A sort of green scum covered the surface of the great river and the fish were either dead or dying. The King feared that the polluted water would only increase the sickness in the land and forbade its use for drinking or washing purposes.
This prohibition caused discontent among the populace, for whom water is a most necessary article.
The revolt was ready to break out, when the court appealed to popular superstitions to avert the calamity. The priests said that a god known as Pra In had appeared near one of the city gates and had declared that the change of the water was one of his blessings and had become a panacea for the ills they suffered. At this news, the whole populace, passed from despair to hope, every one ran to the river to wash and to anoint themselves with scum that had appeared so deadly a moment before. At last after 15 days the phenomenon passed away. Abundant rains caused the water to overflow the country and to fertilise the ground.
The reign of this Prince, like that of his successors, offers nothing worthy of record.
His son, who succeeded him, is only known by the defeats he sustained.
His army 50,000 strong and his fleet carrying 20,000 fighting men, invaded Cambodia, at that time torn with internal dissensions.
This army would have been victorious if its leader had been more skilful. But the King of Siam, enervated by harem life, had entrusted the command to his first minister, a man of peace, and without skill in warfare.
The Minister who well knew the direction in which his talents lay, had no wish to take the command, but the King who thought he could make no mistake in the choice of his agents, was certain that one who knew how to govern an Empire would also know how to conquer.
The King of Cambodia, too weak to offer resistance to the invading hosts, ordered all his subjects who lived on the frontiers to retire with their belongings to the capital and to burn everything that they could not carry away. The fields were laid waste, fifty leagues of territory were changed into sterile deserts that could hardly sustain animal life.
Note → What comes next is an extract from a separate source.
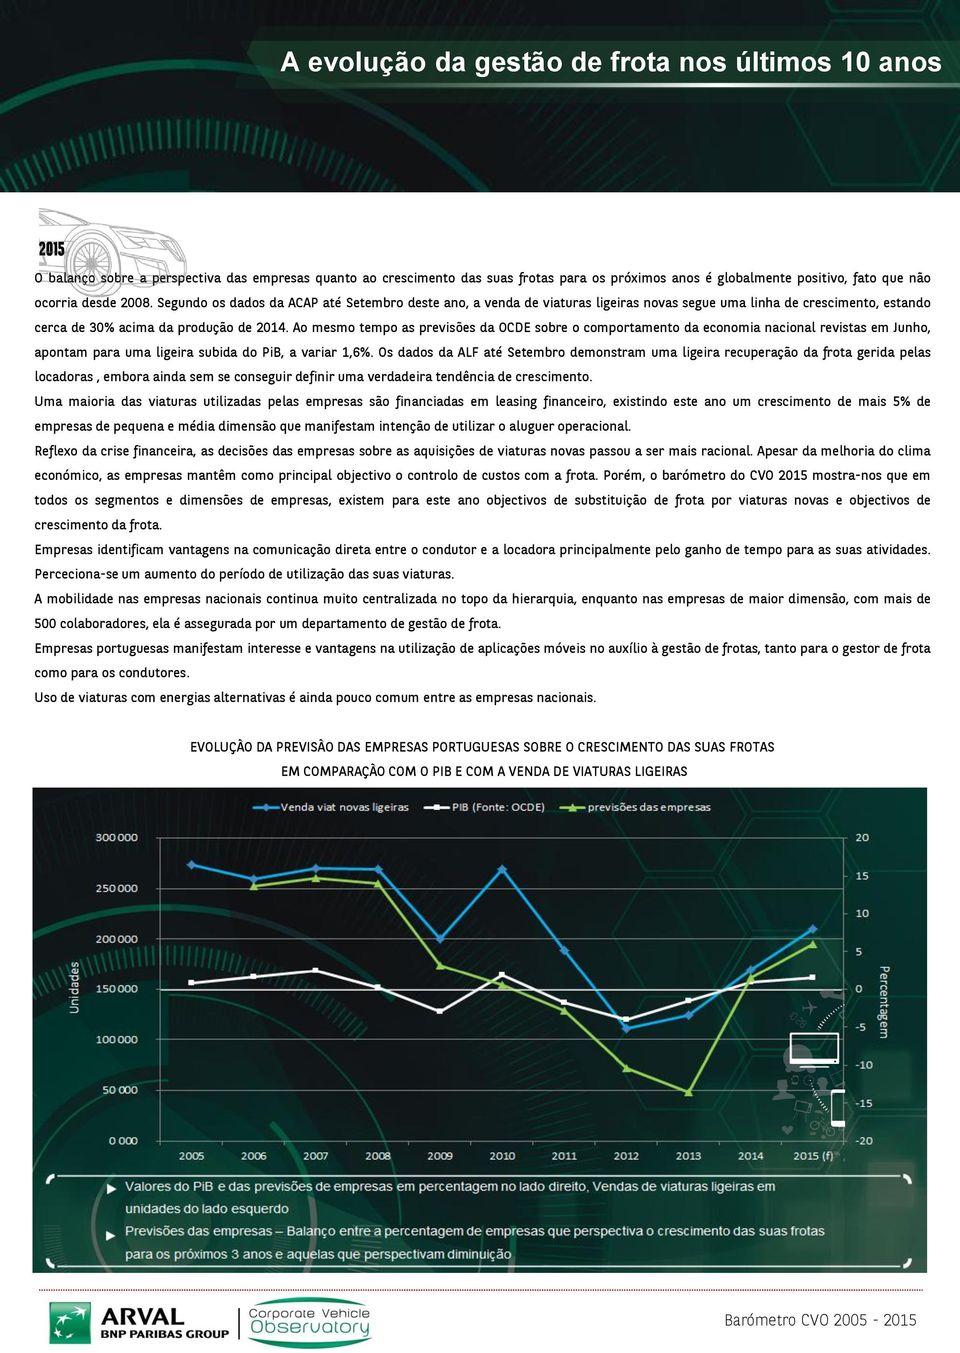 Ao mesmo tempo as previsões da OCDE sobre o comportamento da economia nacional revistas em Junho, apontam para uma ligeira subida do PiB, a variar 1,6%.

The King declared himself a vassal of the King of Cochin China in order to obtain a force of 15,000 men for land defence and 3000 for service on the galleys for the defence of the coast. The Siamese army, full of confidence in the superiority of numbers, and still more proud to find that no foe dare dispute their passage, rashly penetrated into the country but the further they advanced, the nearer they approached to their fate. Famine, more cruel than the sword ravaged their camp. The devastated fields, gave neither fruits for man nor forage for beast.